▶ **Exercise**
Using the records that appear below, write out exactly the lines from the one with "La Canadienne Samia" through the one with "Seabrook Island Homes", keeping both end lines.

▶ **The input**
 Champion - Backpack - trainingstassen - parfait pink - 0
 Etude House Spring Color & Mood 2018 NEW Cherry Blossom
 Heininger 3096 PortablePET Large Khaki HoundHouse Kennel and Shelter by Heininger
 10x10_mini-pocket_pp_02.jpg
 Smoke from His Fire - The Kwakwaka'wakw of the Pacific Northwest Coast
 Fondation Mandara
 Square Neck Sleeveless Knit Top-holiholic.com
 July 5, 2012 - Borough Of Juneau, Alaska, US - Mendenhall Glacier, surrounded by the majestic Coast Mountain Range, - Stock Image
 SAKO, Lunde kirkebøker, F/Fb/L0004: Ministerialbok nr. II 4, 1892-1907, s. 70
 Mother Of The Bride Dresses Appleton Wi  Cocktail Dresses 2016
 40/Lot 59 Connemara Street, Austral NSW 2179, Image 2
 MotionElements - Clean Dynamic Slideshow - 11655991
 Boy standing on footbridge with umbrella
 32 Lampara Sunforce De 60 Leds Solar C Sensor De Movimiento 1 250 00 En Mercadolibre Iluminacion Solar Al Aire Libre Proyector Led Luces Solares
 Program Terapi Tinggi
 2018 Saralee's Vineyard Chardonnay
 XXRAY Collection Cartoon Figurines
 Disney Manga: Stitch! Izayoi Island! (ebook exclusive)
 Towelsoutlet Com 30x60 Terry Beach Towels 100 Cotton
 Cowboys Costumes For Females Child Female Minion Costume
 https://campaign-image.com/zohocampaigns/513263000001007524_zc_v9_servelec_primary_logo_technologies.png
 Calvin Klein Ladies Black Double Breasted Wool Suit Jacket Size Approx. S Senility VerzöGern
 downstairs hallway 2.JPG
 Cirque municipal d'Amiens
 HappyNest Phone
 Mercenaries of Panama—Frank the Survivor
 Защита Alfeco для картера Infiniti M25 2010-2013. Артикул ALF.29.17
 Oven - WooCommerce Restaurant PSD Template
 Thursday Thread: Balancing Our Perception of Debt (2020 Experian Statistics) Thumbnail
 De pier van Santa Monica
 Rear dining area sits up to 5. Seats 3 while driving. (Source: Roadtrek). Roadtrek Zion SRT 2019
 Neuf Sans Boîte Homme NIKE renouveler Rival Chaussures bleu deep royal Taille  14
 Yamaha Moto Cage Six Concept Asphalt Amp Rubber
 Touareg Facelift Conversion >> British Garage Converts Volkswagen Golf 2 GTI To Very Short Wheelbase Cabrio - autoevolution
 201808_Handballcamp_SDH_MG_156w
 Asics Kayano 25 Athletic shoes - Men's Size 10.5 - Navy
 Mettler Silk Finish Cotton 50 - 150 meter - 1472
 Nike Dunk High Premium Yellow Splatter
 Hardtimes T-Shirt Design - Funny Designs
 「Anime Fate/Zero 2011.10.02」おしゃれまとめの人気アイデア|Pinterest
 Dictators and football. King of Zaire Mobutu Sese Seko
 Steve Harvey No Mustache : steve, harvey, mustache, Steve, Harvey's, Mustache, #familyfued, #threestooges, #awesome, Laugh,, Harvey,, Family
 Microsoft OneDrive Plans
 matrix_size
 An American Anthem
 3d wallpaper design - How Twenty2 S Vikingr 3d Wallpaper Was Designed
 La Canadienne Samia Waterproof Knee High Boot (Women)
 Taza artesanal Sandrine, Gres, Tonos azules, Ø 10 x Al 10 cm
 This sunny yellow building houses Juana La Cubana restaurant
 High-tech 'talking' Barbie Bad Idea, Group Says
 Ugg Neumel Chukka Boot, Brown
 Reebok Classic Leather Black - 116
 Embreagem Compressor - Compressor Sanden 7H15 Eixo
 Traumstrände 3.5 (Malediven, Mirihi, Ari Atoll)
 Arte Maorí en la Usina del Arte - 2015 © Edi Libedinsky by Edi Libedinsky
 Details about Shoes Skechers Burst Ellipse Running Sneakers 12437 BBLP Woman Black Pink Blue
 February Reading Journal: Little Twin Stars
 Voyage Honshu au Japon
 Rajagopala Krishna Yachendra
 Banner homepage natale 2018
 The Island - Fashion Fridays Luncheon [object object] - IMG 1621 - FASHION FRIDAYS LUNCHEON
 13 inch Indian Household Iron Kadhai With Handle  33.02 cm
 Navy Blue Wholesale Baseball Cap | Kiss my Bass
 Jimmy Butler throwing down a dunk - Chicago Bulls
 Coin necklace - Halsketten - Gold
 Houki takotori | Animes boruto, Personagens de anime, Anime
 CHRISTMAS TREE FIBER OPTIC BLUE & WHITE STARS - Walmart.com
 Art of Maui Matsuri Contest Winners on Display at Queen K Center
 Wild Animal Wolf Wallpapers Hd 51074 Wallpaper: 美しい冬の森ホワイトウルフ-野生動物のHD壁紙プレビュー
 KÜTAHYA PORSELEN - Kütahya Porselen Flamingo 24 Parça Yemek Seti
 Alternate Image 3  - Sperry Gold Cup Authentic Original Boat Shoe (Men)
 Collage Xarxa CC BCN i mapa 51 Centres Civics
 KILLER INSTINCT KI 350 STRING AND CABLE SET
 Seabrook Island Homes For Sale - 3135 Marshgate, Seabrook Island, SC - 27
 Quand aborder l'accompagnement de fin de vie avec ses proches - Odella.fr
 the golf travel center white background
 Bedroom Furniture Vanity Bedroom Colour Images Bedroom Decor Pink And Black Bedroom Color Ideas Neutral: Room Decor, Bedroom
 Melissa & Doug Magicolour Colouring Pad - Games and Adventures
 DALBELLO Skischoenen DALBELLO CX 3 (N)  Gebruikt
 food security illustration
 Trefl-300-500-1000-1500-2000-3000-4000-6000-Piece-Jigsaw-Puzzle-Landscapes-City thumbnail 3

▶ **Written solution**
 La Canadienne Samia Waterproof Knee High Boot (Women)
 Taza artesanal Sandrine, Gres, Tonos azules, Ø 10 x Al 10 cm
 This sunny yellow building houses Juana La Cubana restaurant
 High-tech 'talking' Barbie Bad Idea, Group Says
 Ugg Neumel Chukka Boot, Brown
 Reebok Classic Leather Black - 116
 Embreagem Compressor - Compressor Sanden 7H15 Eixo
 Traumstrände 3.5 (Malediven, Mirihi, Ari Atoll)
 Arte Maorí en la Usina del Arte - 2015 © Edi Libedinsky by Edi Libedinsky
 Details about Shoes Skechers Burst Ellipse Running Sneakers 12437 BBLP Woman Black Pink Blue
 February Reading Journal: Little Twin Stars
 Voyage Honshu au Japon
 Rajagopala Krishna Yachendra
 Banner homepage natale 2018
 The Island - Fashion Fridays Luncheon [object object] - IMG 1621 - FASHION FRIDAYS LUNCHEON
 13 inch Indian Household Iron Kadhai With Handle  33.02 cm
 Navy Blue Wholesale Baseball Cap | Kiss my Bass
 Jimmy Butler throwing down a dunk - Chicago Bulls
 Coin necklace - Halsketten - Gold
 Houki takotori | Animes boruto, Personagens de anime, Anime
 CHRISTMAS TREE FIBER OPTIC BLUE & WHITE STARS - Walmart.com
 Art of Maui Matsuri Contest Winners on Display at Queen K Center
 Wild Animal Wolf Wallpapers Hd 51074 Wallpaper: 美しい冬の森ホワイトウルフ-野生動物のHD壁紙プレビュー
 KÜTAHYA PORSELEN - Kütahya Porselen Flamingo 24 Parça Yemek Seti
 Alternate Image 3  - Sperry Gold Cup Authentic Original Boat Shoe (Men)
 Collage Xarxa CC BCN i mapa 51 Centres Civics
 KILLER INSTINCT KI 350 STRING AND CABLE SET
 Seabrook Island Homes For Sale - 3135 Marshgate, Seabrook Island, SC - 27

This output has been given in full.